Indirect indicators include determining the level of vitamins in the blood - antioxidants, coenzyme Q10, malonaldehyde and some other biologically active compounds.

How the test is carried out

Determination of antioxidant status carried out in native venous blood or in its serum using special reagents. The test takes on average 5-7 days. Healthy people It is recommended to carry it out at least once every six months, and in the presence of visible violations or for the purpose of checking effectiveness of antioxidant therapy– every 3 months. The test results are deciphered exclusively by a doctor-immunologist who can prescribe medications to correct indicators.

Call the clinic and we will tell you how to properly prepare for the tests you need. Strict adherence to the rules guarantees the accuracy of the research.

On the eve of the test, you must refrain from physical activity, drinking alcohol and significant changes in diet and daily routine. Most tests are taken strictly on an empty stomach, that is, at least 12 and no more than 16 hours must pass after last appointment food.

Two hours before the test you should refrain from smoking and coffee. All blood tests are taken before radiography, ultrasound and physiotherapeutic procedures. If possible, avoid taking medications, and if this is not possible, tell the doctor ordering the tests.

Blood tests

General blood analysis

The blood is drawn from a finger or a vein. Preparation: blood is donated on an empty stomach. Before taking the test, avoid physical activity and stress. Time and place of collection of material: during the day, in the clinic.

Blood chemistry

Blood is donated from a vein. Determination of biochemical parameters allows you to evaluate everything metabolic processes, occurring in the body, as well as the function of organs and systems. Preparation: blood is donated on an empty stomach. Time and place of collection of material: before 14:00, in the clinic (electrolytes - on weekdays until 09:00).

Glucose tolerance test

Compliance with the rules of preparation for the test will allow you to obtain reliable results and correctly assess the functioning of the pancreas, and therefore prescribe adequate treatment. Preparation: You must follow the preparation guidelines and nutritional recommendations provided by your healthcare professional. The amount of carbohydrates in food should be at least 125 g per day for 3 days before the test. Physical exercise are not allowed within 12 hours before the test and during it. Time and place of collection of material: daily until 12.00, in the clinic.

Hormonal studies

Hormones are substances whose concentration in the blood changes cyclically and has daily fluctuations, so the analysis should be taken in strict accordance with physiological cycles or as recommended by your doctor. Preparation: blood is donated on an empty stomach. Time and place of collection of material: daily until 11.00, in the clinic.

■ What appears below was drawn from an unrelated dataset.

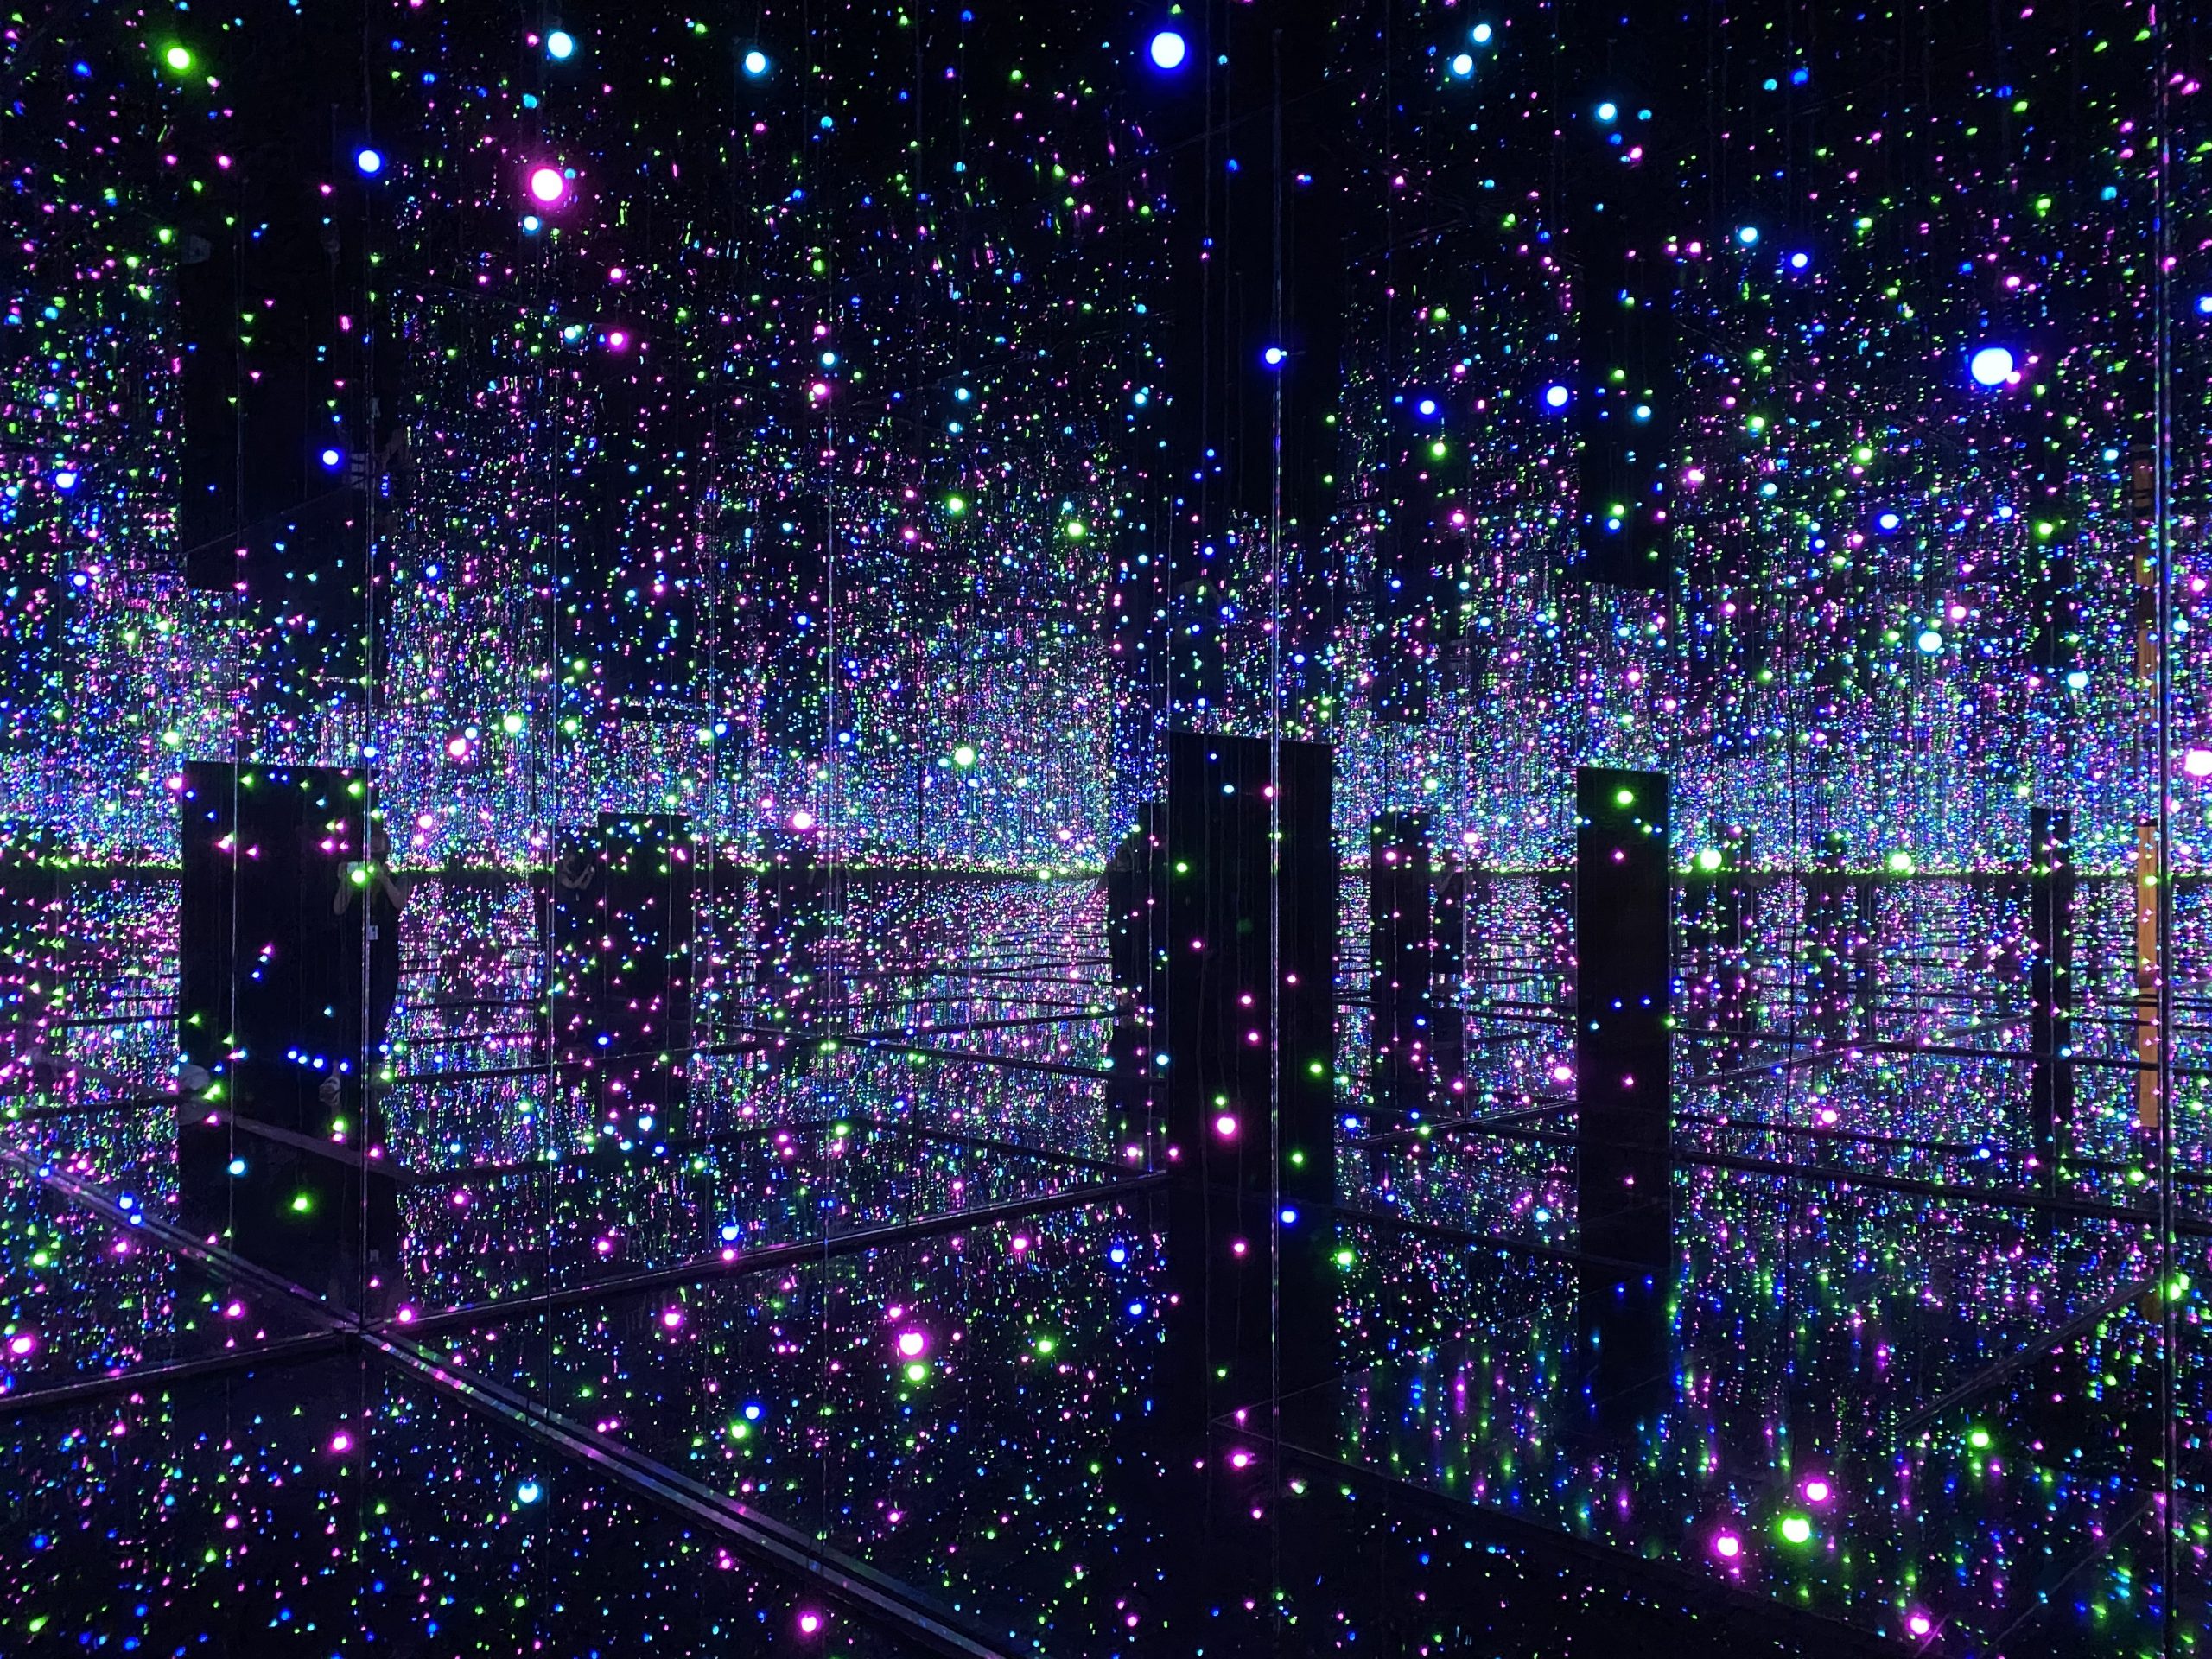 Yayoi Kusama: Infinity Rooms exhibition at Tate Modern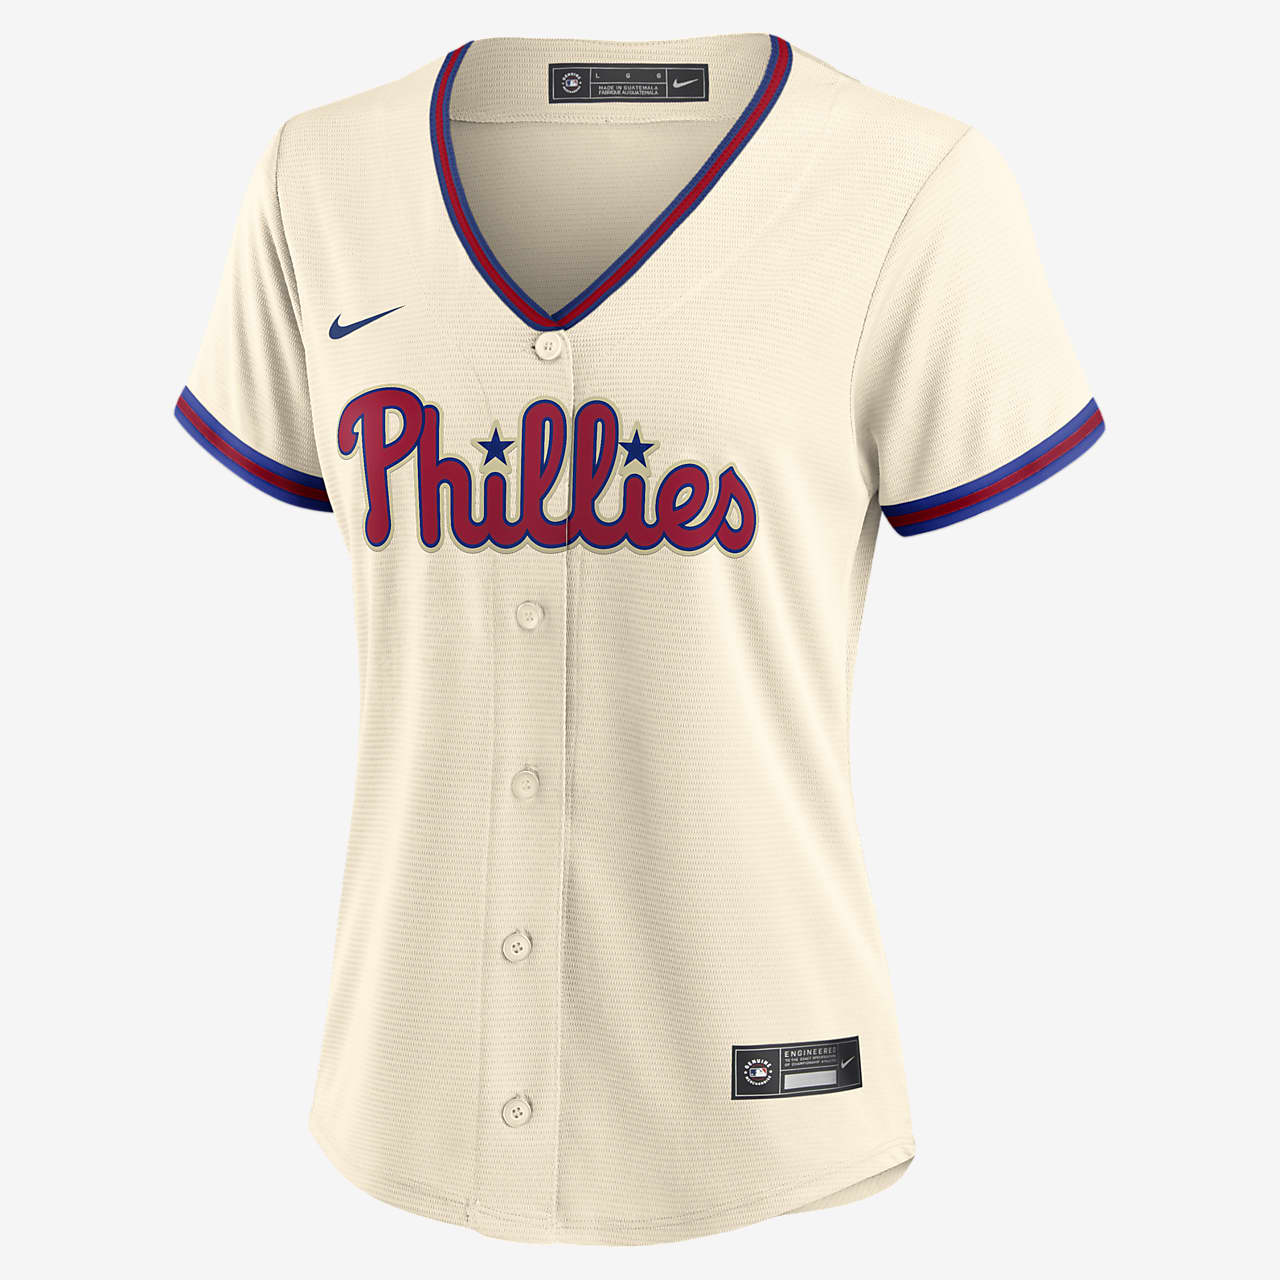 MLB Philadelphia Phillies Women's Replica Baseball Jersey.

Study of the hemostasis system

Blood is donated from a vein. Preparation: blood is donated on an empty stomach. Time and place of collection of material: on weekdays until 09.00, at the clinic.

Blood group determination

Determination of antibodies to pathogens

Blood is donated from a vein. Preparation: blood is donated on an empty stomach. Time and place of collection of material: up to 14:00, in the clinic.

Hepatitis (B, C)

Blood is donated from a vein. Preparation: blood is donated on an empty stomach. Time and place of collection of material: up to 14:00, in the clinic.

RW (syphilis)

Blood is donated from a vein. Preparation: blood is donated on an empty stomach. Time and place of collection of material: up to 14:00, in the clinic.

Rapid HIV test

Blood is donated from a vein. Preparation: blood is donated on an empty stomach. Time and place of collection of material: during the day, in the clinic.